Data:
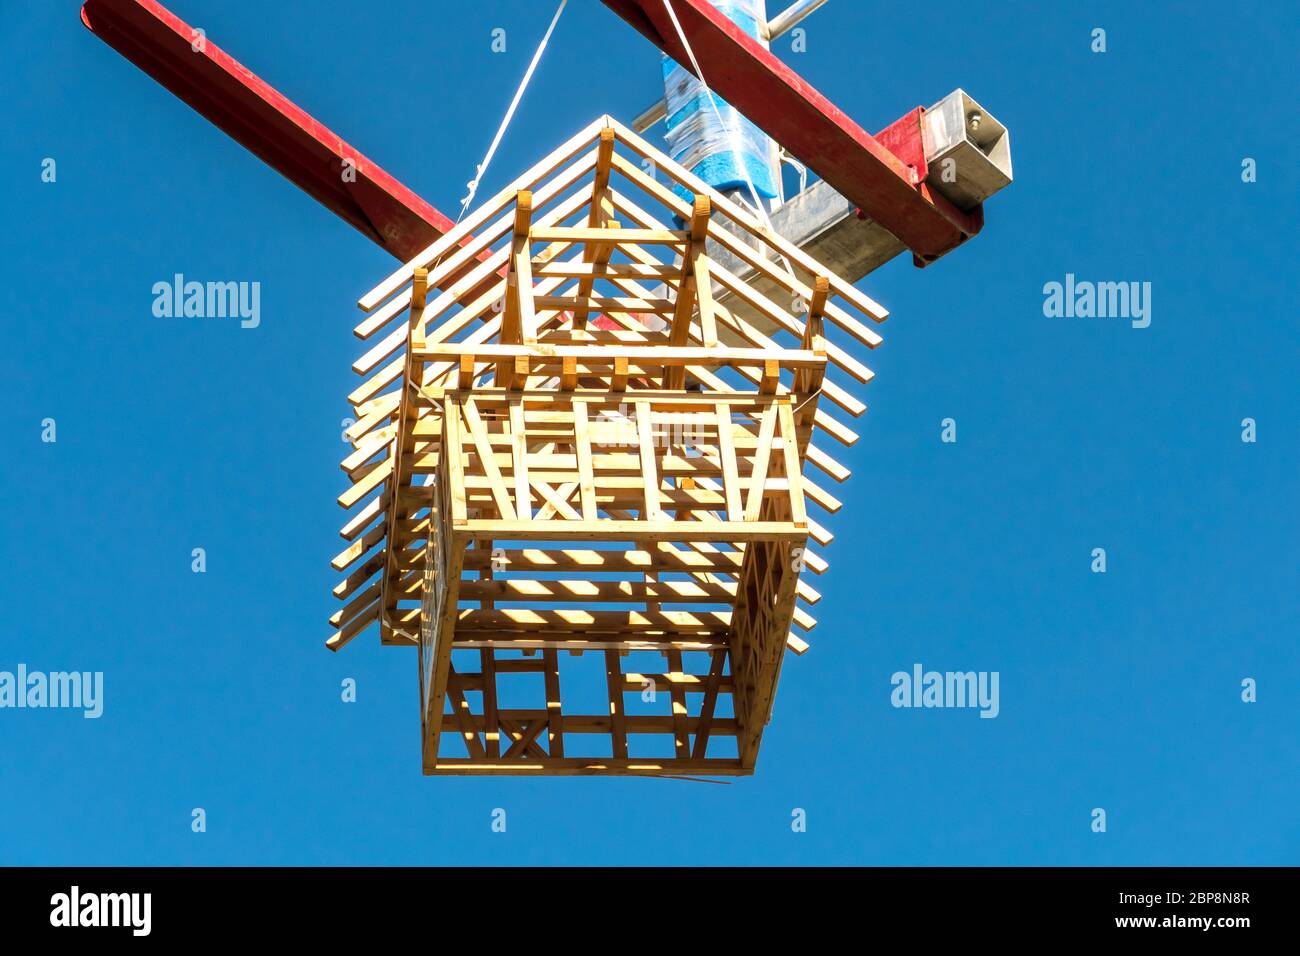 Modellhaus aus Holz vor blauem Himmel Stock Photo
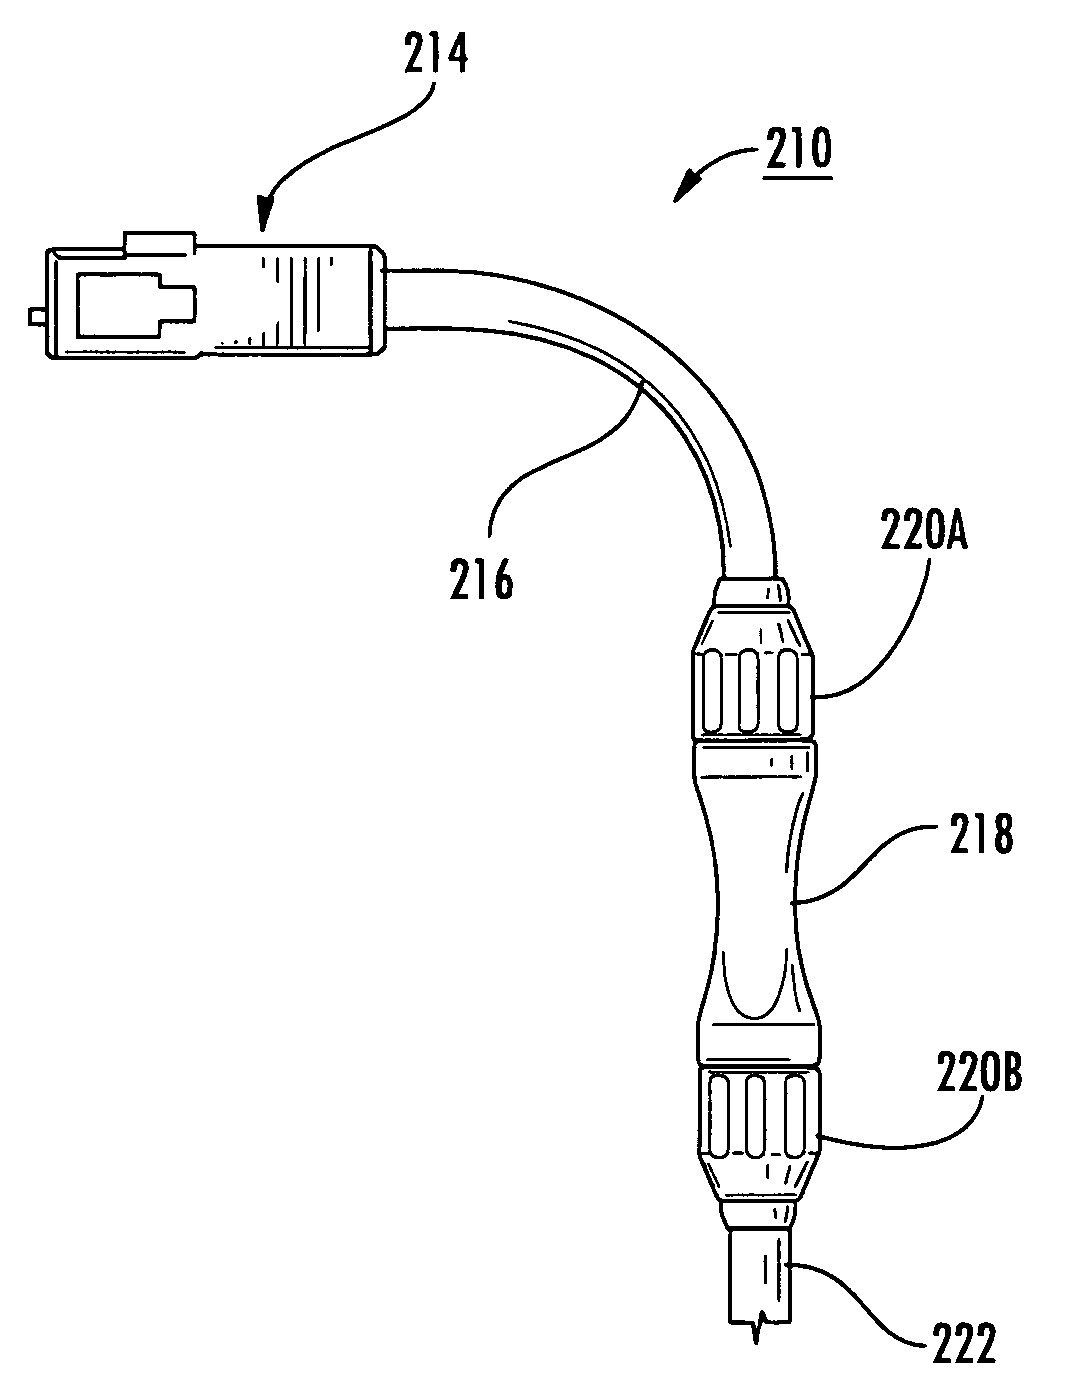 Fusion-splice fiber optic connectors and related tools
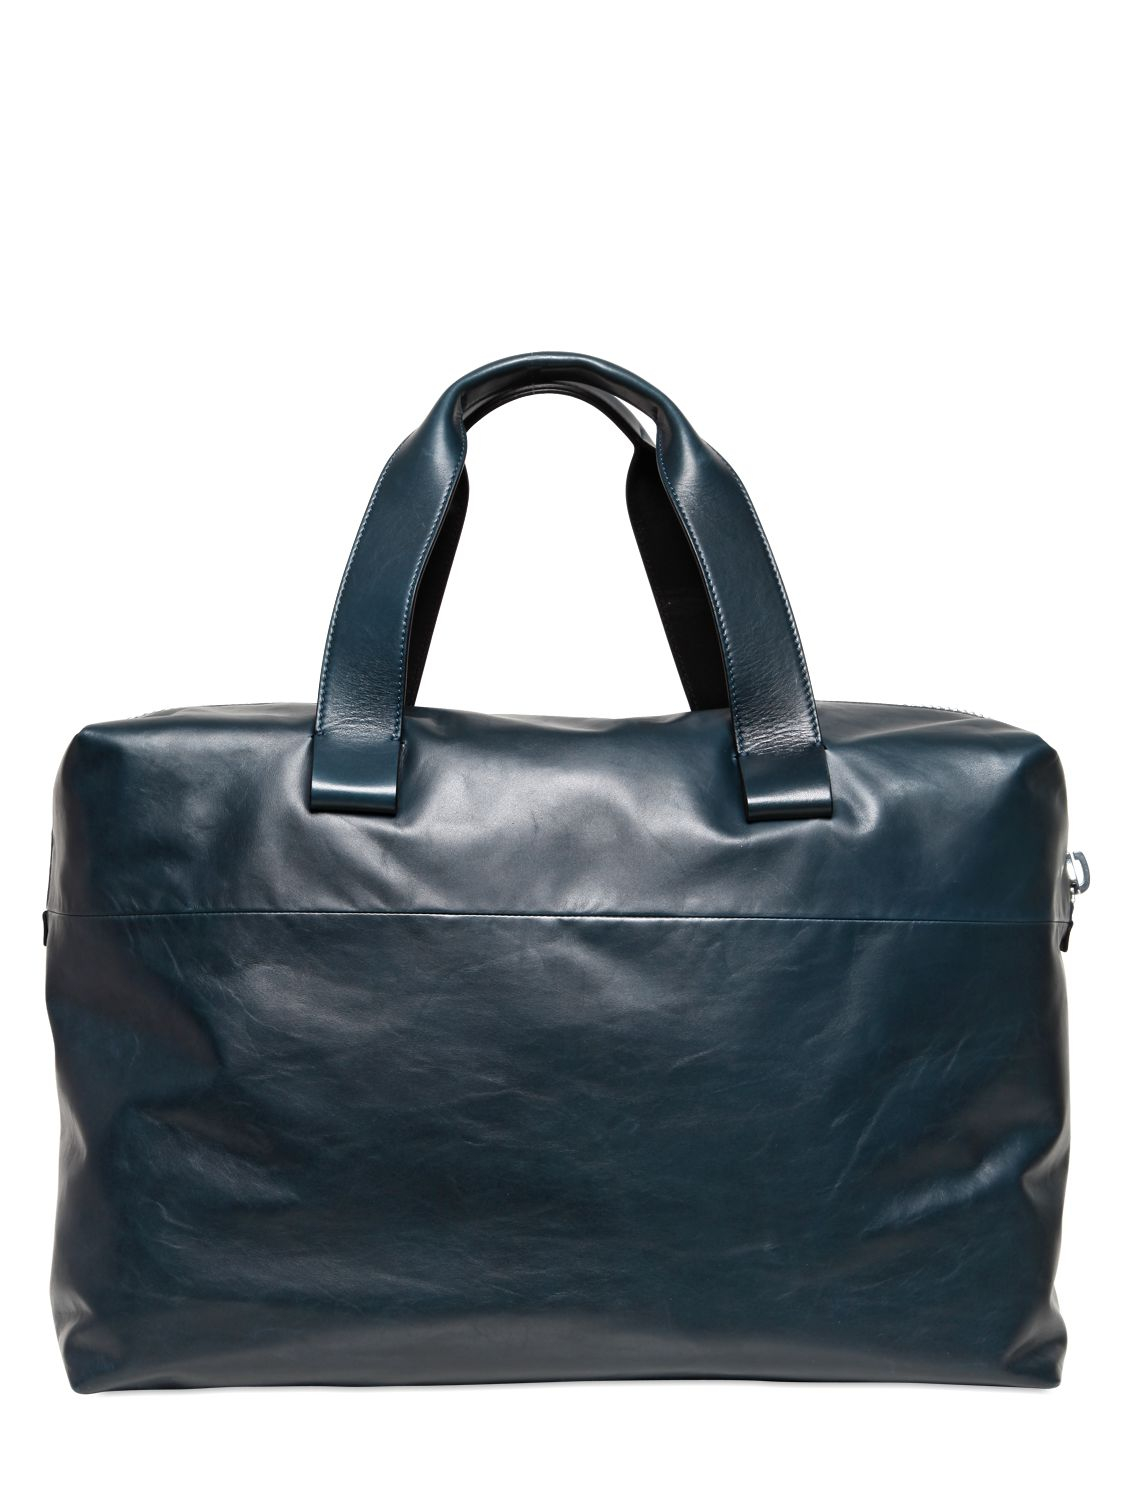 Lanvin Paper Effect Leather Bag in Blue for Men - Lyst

What to work on:
The data above must be given again in full and unaltered, minus its images.

Written reply:
 Modellhaus aus Holz vor blauem Himmel Stock Photo
 Fusion-splice fiber optic connectors and related tools
 Lanvin Paper Effect Leather Bag in Blue for Men - Lyst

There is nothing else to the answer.